Upgrade status: still ongoing: WIMS. Please alert the webmaster about any anomalies.
<< WebHome


Can ntp be used to keep time accurate to within 10ms ?

Initial analysis

  • It seems that a default debian/etch install: aptitude install ntp gives a good default configuration that indirectly contacts a large pool of "stratum 1" ntp servers, e.g. icm.edu.pl which seems to have an atomic clock, and that the precision should be sufficient
    • ignore ntp-server, ntp-simple
    • ignore ntpdate - you might be able to use it usefully, but you probably do not want it - see NtpVsNtpdate
    • optionally install ntp-doc
  • By installing ntp, the daemon ntpd will automatically be started. Do not try to run ntpdate by hand or with cron, since it should be disabled anyway, since the daemon is running.
    • There is a daily cron job installed with the daemon package (ntp), but all it does is rotate the log files (instead of logrotate :P). You can edit /etc/cron.daily/ntp in order to keep a much longer backlog of logs - the default is just the last 7 days.
  • The typical polling interval of remote ntp servers appears to be about 15-20 minutes on 3 different machines.
  • The absolute offsets were a little less than 10ms for the last 7 days on all 3 machines.
  • The ntp algorithm in general seems to be quite intelligent, using heuristic models to overcome various real-time problems such as occasional network congestion, individual server failure, and the hardware characteristics of localhost.
  • 2008.10.20 to 2008.10.28 on simulation machine: ntp_offset_20081020_20081028_bell.png: ntp_offset_20081020_20081028_bell.png

algorithm

From ntpd/ntp_loopfilter.c (ntp-4.2.2.p4+dfsg):
 * This is an implementation of the clock discipline algorithm described
 * in UDel TR 97-4-3, as amended. It operates as an adaptive parameter,
 * hybrid phase/frequency-lock loop. A number of sanity checks are
 * included to protect against timewarps, timespikes and general mayhem.
 * All units are in s and s/s, unless noted otherwise.

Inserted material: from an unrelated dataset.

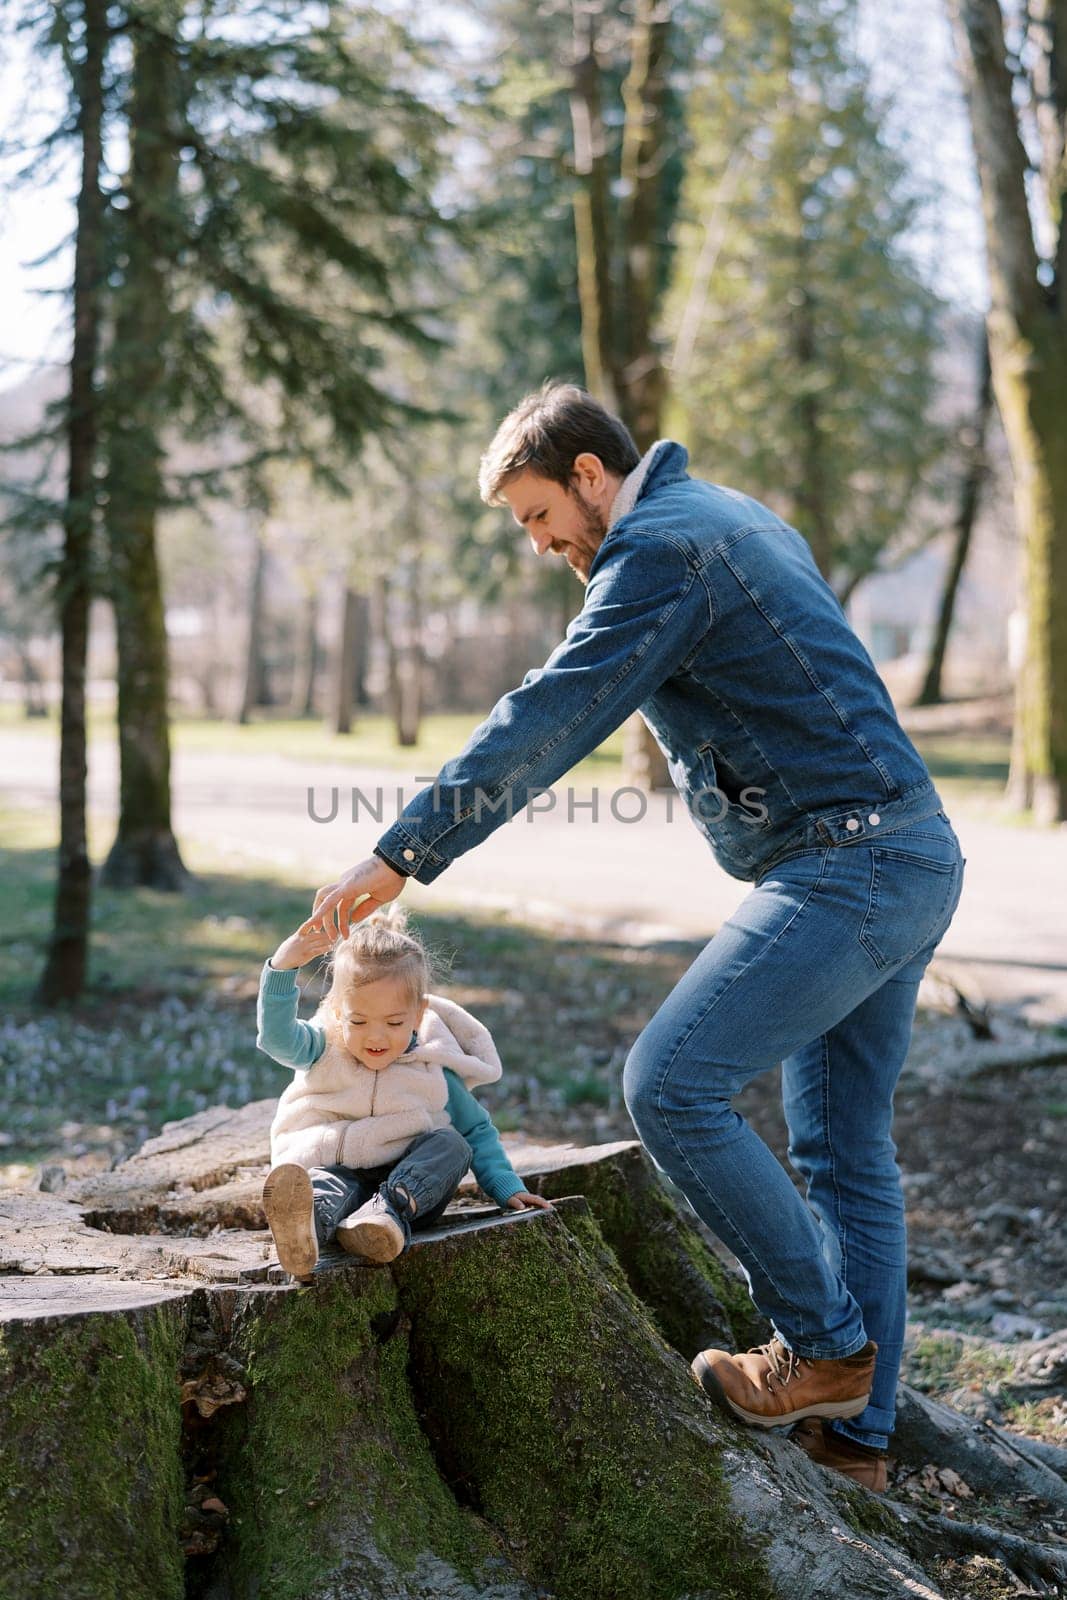 Dad stands near a huge stump in the forest with a little girl sitting on it holding her hand. High quality photo

What offsets plotted above and below? What info is listed in peerstats ?

Unless otherwise noted here, these are column 5 of /etc/log/ntpstats/peerstats* in lines which have the status code 9614.

  • slightly old description from SUN: http://www.sun.com/blueprints/0901/NTPpt3.pdf
    • page 15 states "The fifth field in the peerstat output shows estimated offset to that particular host (in seconds), which represents how far the client's clock appears to be off that of the listed server."
    • From ntpd/ntp_util.c it looks like the eighth field (not mentioned in NTPpt3.pdf) is the skew.

source ntp-4.2.2.p4+dfsg

  • ntpd/ntp_util.c
     
            record_loop_stats(
            double  offset,
            double  freq,
            double  jitter,
            double  stability,
            int spoll
            )
    {
      ...
             if (peerstats.fp != NULL) {
                    fprintf(peerstats.fp,
                        "%lu %s %s %x %.9f %.9f %.9f %.9f\n",
                        day, ulfptoa(&now, 3), stoa(addr), status, offset,
                        delay, dispersion, skew);
                    fflush(peerstats.fp);
            }
          
  • ntpd/ntp_loopfilter.c
grep -n record_loop ntpd/ntp_loopfilter.c
245:            record_loop_stats(fp_offset, drift_comp, clock_jitter,
291:            record_loop_stats(fp_offset, drift_comp, clock_jitter,
755:    record_loop_stats(clock_offset, drift_comp, clock_jitter,

possible parameters to play with

config files

  • /etc/defaults/ntp
    • Maybe add -N To the extent permitted by the operating system, run the ntpd at the highest priority. ?
  • /etc/ntp.conf
    • minpoll, maxpoll - increase frequency of "polling" servers?
      • replace server [0123].debian.pool.ntp.org iburst by server [0123].debian.pool.ntp.org iburst minpoll 6 maxpoll 8 = 1 to 4 minutes instead of the default 1 to 17 minutes ?
        • this seems to be effective - see below

source files - recompile

  • include/ntp.h
    • Clock filter algorithm tuning parameters ?
    • Selection algorithm tuning parameters ?
      • decrease: #define MINDISPERSE .005 /* min dispersion increment */ ?

maxpoll 8 in ntp.conf

statistics on simulation machine: 8 days with maxpoll 10 and 2 days with maxpoll 8

The setting maxpoll 8 means max polling interval is 2^8 \mbox{s} = 256 \mbox{s} \approx 4 \mbox{minutes}, maxpoll 10 (debian/etch default) means about 16 minutes max polling interval. Two plots of the same data - offsets from the server which at that moment is chosen as the synchronisation server - with different vertical scales:

ntp_offset_20081020_20081102.png ntp_offset_20081020_20081102_2ms.png

At each polling interval, several servers are contacted. A complex algorithm is used to choose among these and decide which server is most reliable/precise. In practice, the chosen server can remain stable for many hours or days.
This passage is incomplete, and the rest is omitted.